Este enmascaramiento inyecta la ilusión de soberanía técnica otorgada al usuario que entrega sus datos al ecosistema (una False Autonomy) [4], camuflando la captura sistemática detrás de filtros amigables y aplicaciones de generación de imágenes.
Este camuflaje estético actúa como una pátina, o cobertura fina y ceñida, casi fusionada con la tecnología coercitiva que encubre (una Digital Patina) [9], siendo un barniz indispensable para lograr que el individuo acepte someterse voluntariamente a la vigilancia.
Esta fachada oculta la verdadera naturaleza del hardware y de la transacción, devolviendo la tecnología a su estado original como instrumento de disección visual (el fusil cronofotográfico o Chronophotographic Gun) [9].
La tecnología de captura visual comparte su origen ineludible con la balística; la cámara comercializable fue construida inicialmente como un arma con gatillo y cañón, diseñada específicamente para apuntar, aislar y diseccionar el movimiento biológico, convirtiendo el cuerpo humano vivo en una métrica estática y extraíble.
Al camuflar la maquinaria extractiva y sus vínculos ineludibles con el aparato militar bajo una narrativa de cuidado personal, juego o empoderamiento, el sistema logra que la violencia inherente a la extracción masiva de datos se vuelva completamente invisible.

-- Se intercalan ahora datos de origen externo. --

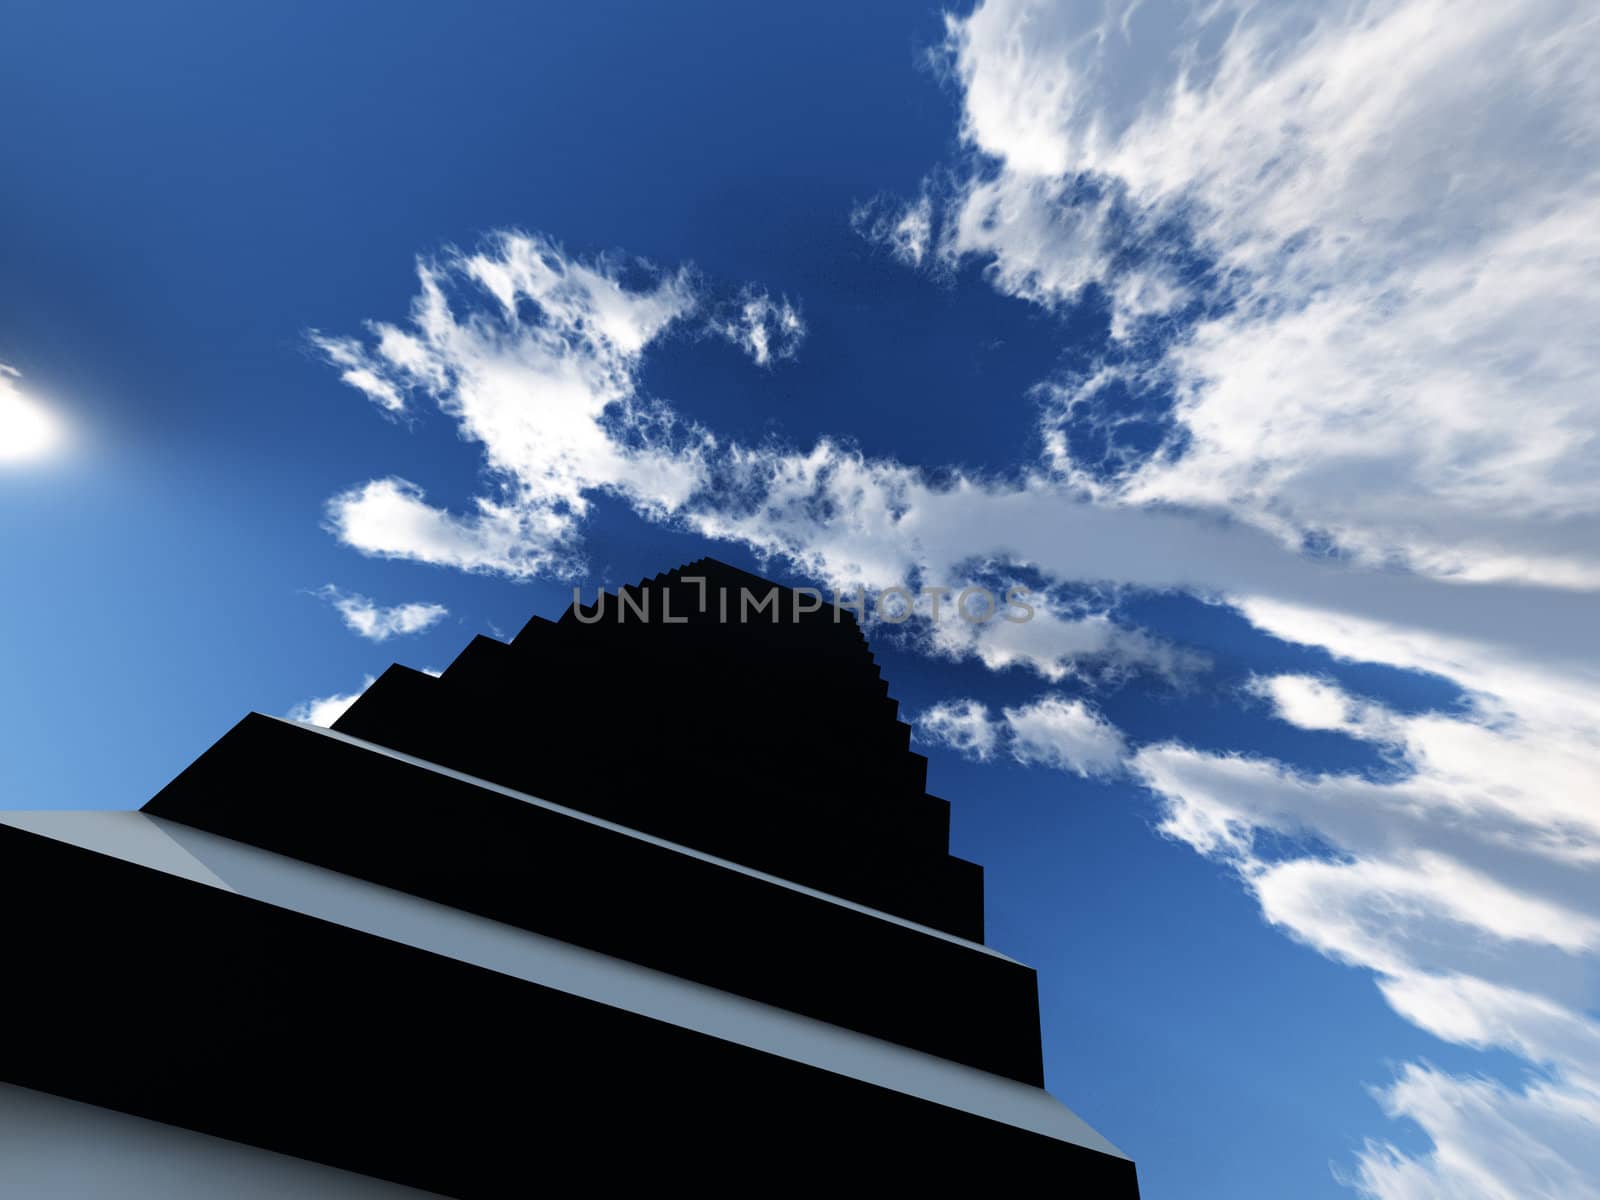 Conceptual image about a stairway to Heaven.

La pátina estética de la tecnología, al fundirse sin fricción con la cotidianidad del usuario, desactiva las defensas (adquiridas y naturales) del individuo frente a la vigilancia.

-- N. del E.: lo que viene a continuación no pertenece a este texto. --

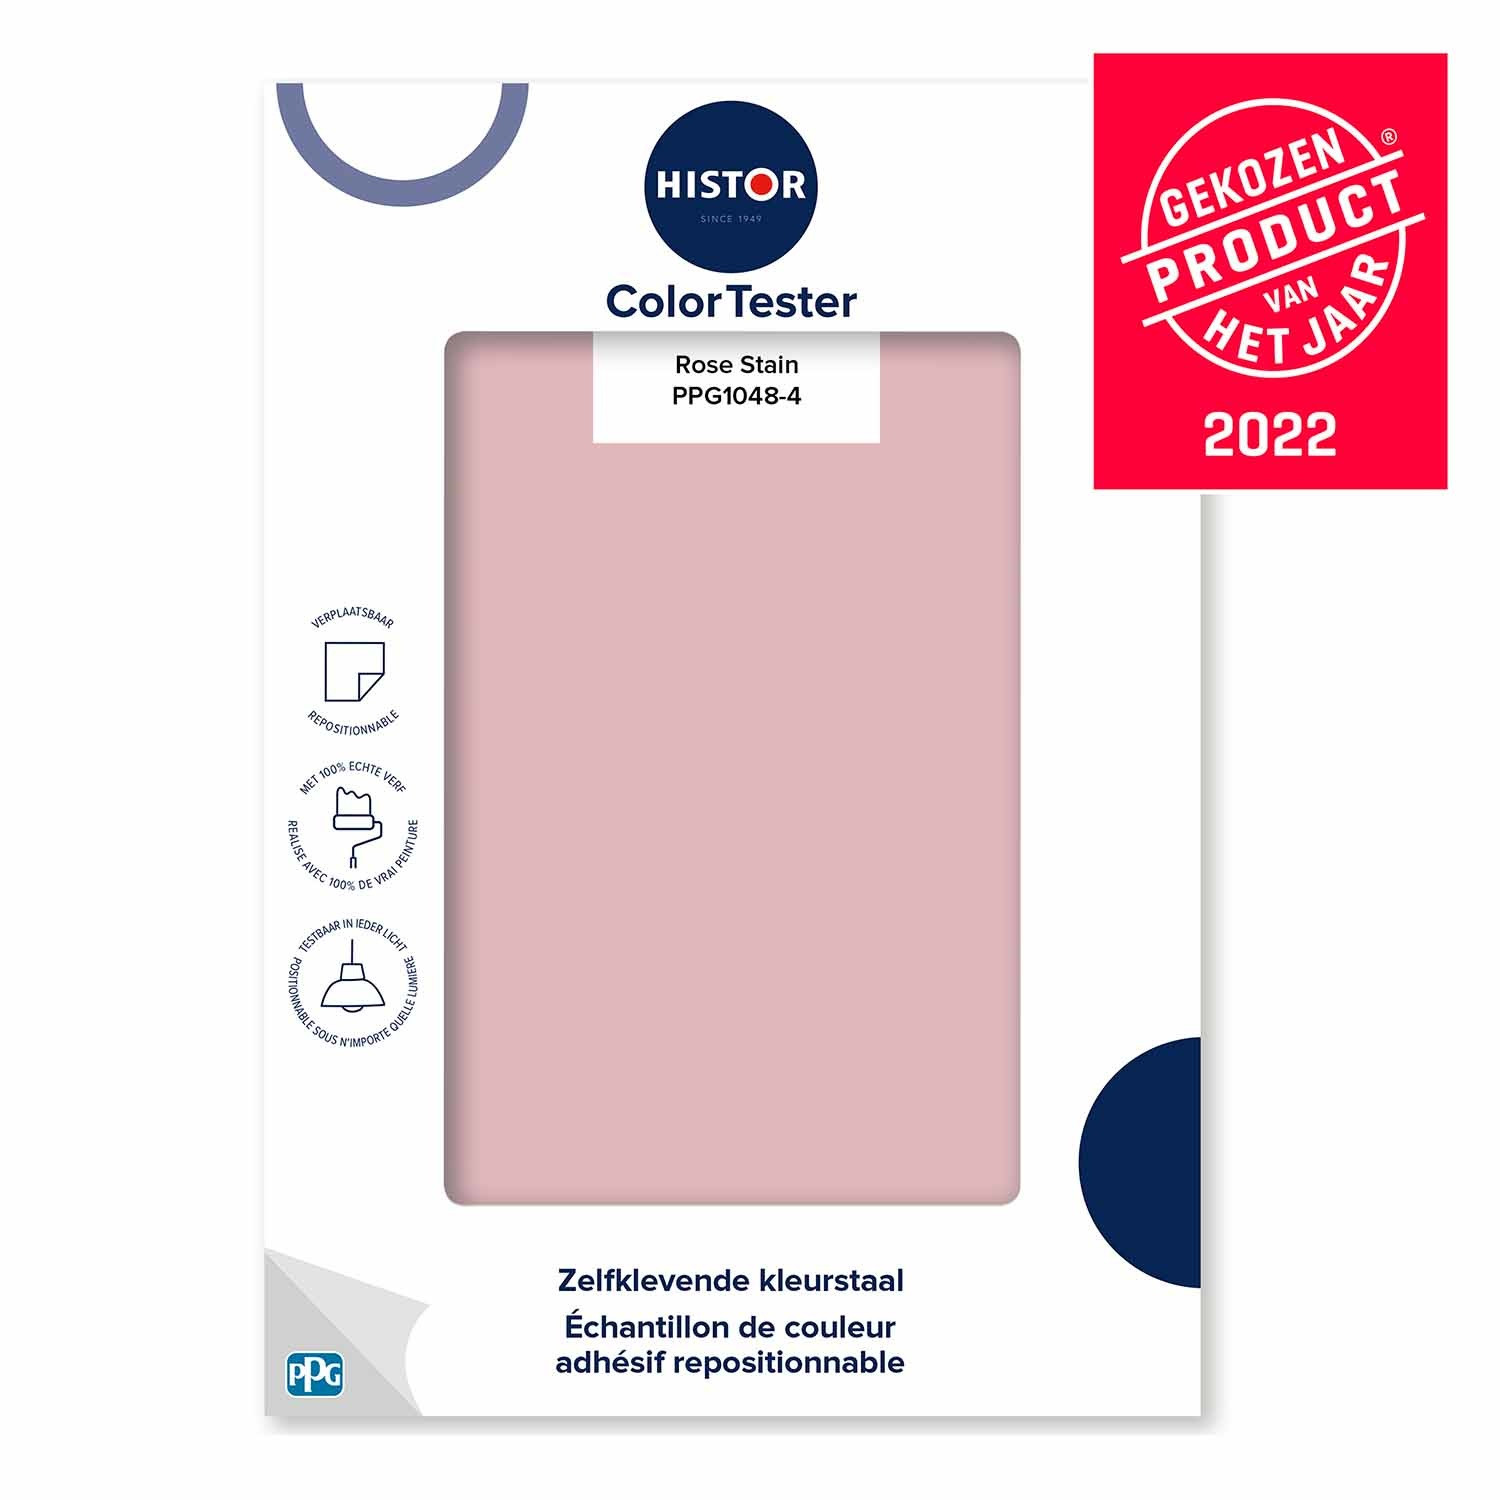 Histor Colortester 1048-4 Rose Stain

Cuando la población se acostumbra a someterse diariamente al escrutinio a través de la captura constante de su propio rostro y entorno (la Selfie) y al uso de filtros biométricos que alteran la percepción espacial y corporal, internaliza la mirada de la máquina.
El individuo ya no percibe la cámara como un instrumento de disección porque el arma ya no parece estar sostenida por un agente policial, estatal u opresor externo; el usuario mismo se apunta a la cara y aprieta el gatillo de forma entusiasta y voluntaria.

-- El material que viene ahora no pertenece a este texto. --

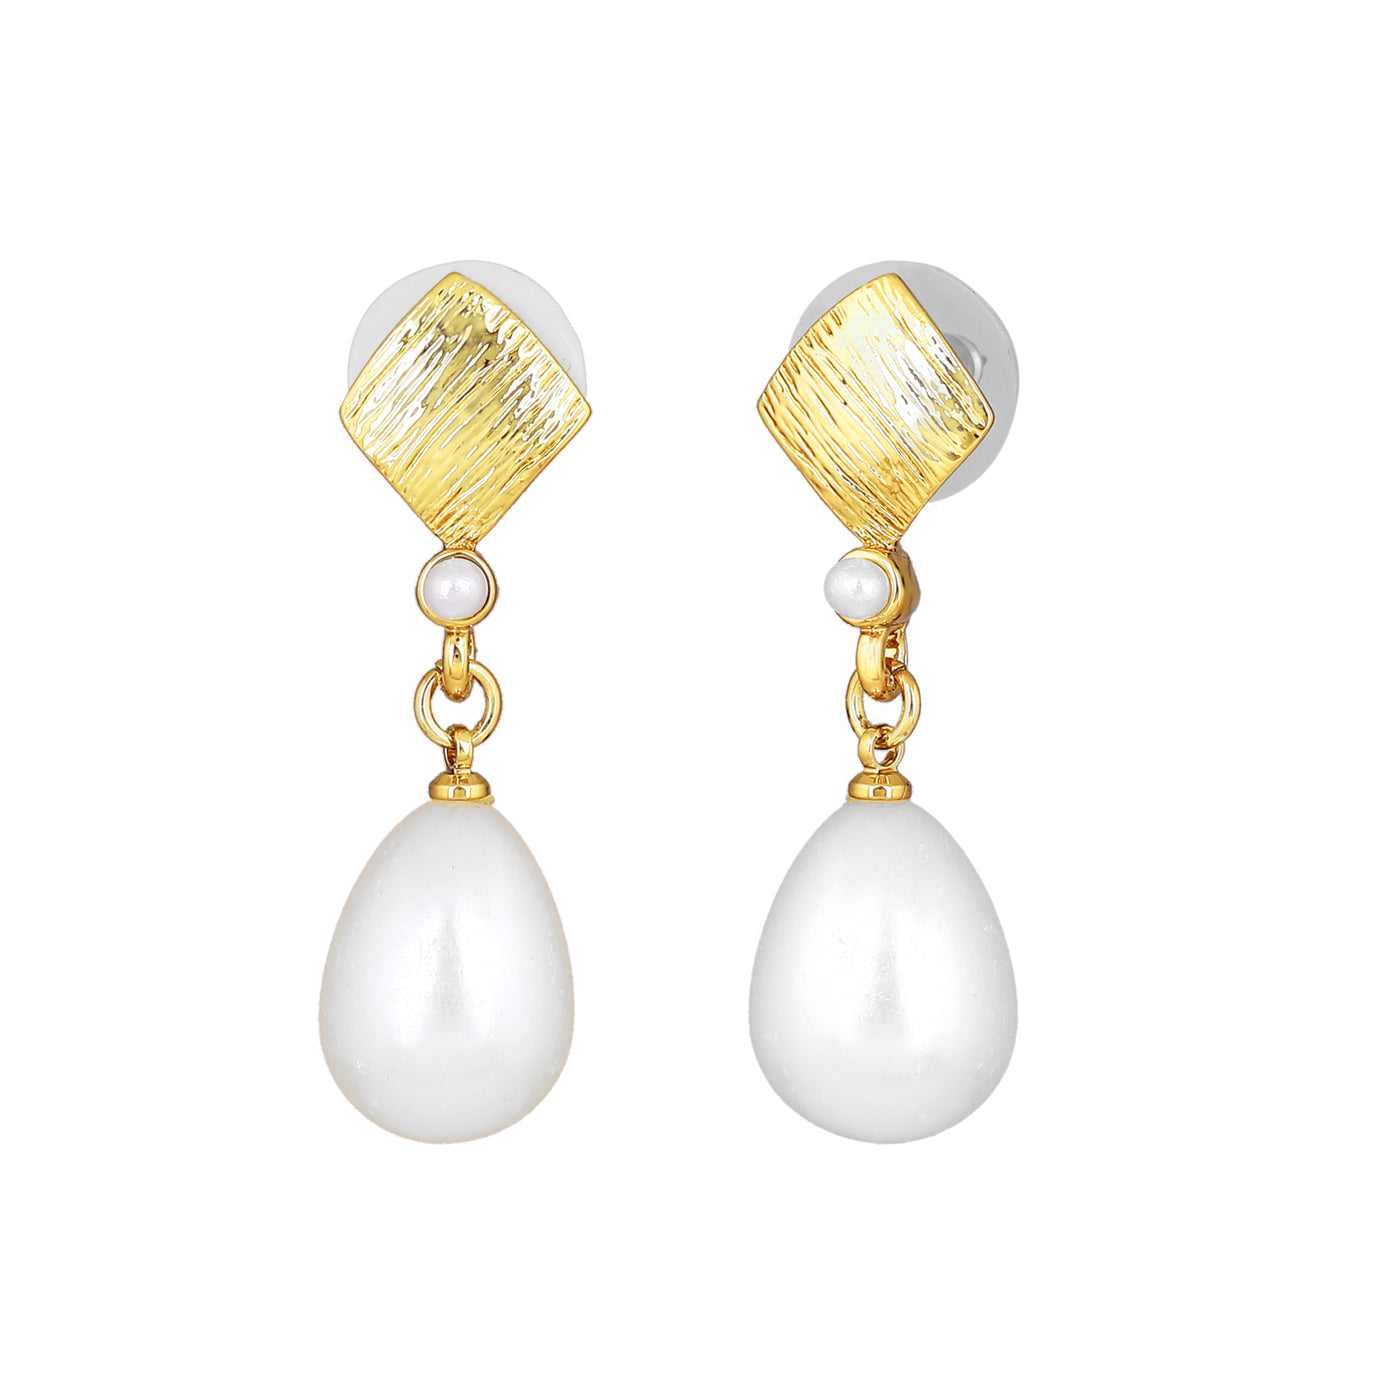 Estele Gold Plated Textured Pearl Drop Earrings for Girls and Women

Esta rutina de auto-documentación y alteración estética constante logra que el cuerpo físico, crudo y sin procesar algorítmicamente, comience a percibirse como inherentemente inadecuado o defectuoso.
Se manufactura así una dependencia psicológica profunda de las mismas herramientas que extraen el valor del sujeto, forzándolo a utilizar la interfaz lúdica y edulcorada (el Frontend) para poder validar su propia existencia e identidad en la esfera social.
El efecto definitivo de esta primera fuerza sobre la población es la instauración de una prisión sin muros donde la fricción de la resistencia ha sido erradicada desde la raíz. Esta fuerza logra convertir la vigilancia corporativa y militar masiva en un acto de participación social obligatoria y de consumo aspiracional.
Al neutralizar cualquier percepción de riesgo o coerción, el ecosistema asegura un suministro inagotable, gratuito y voluntario de datos biométricos, identitarios y relacionales, completando la disección de la autonomía ciudadana mientras mantiene a la población hipnotizada por el reflejo artificial de su propio camuflaje.
Fuerza B: Desmujerización, Miradas Menores y Un Más que Humano Deshumanizado.
Una vez establecidas y aceptadas las herramientas sanitizadas, la maquinaria se vuelca hacia la explotación del activo biológico y cultural.
La asimetría absoluta de la vigilancia impone sobre el individuo el peso emocional disociativo que aplasta al sujeto bajo un escrutinio direccional e ininterrumpido (la Psychic Burden of Being Watched) [10].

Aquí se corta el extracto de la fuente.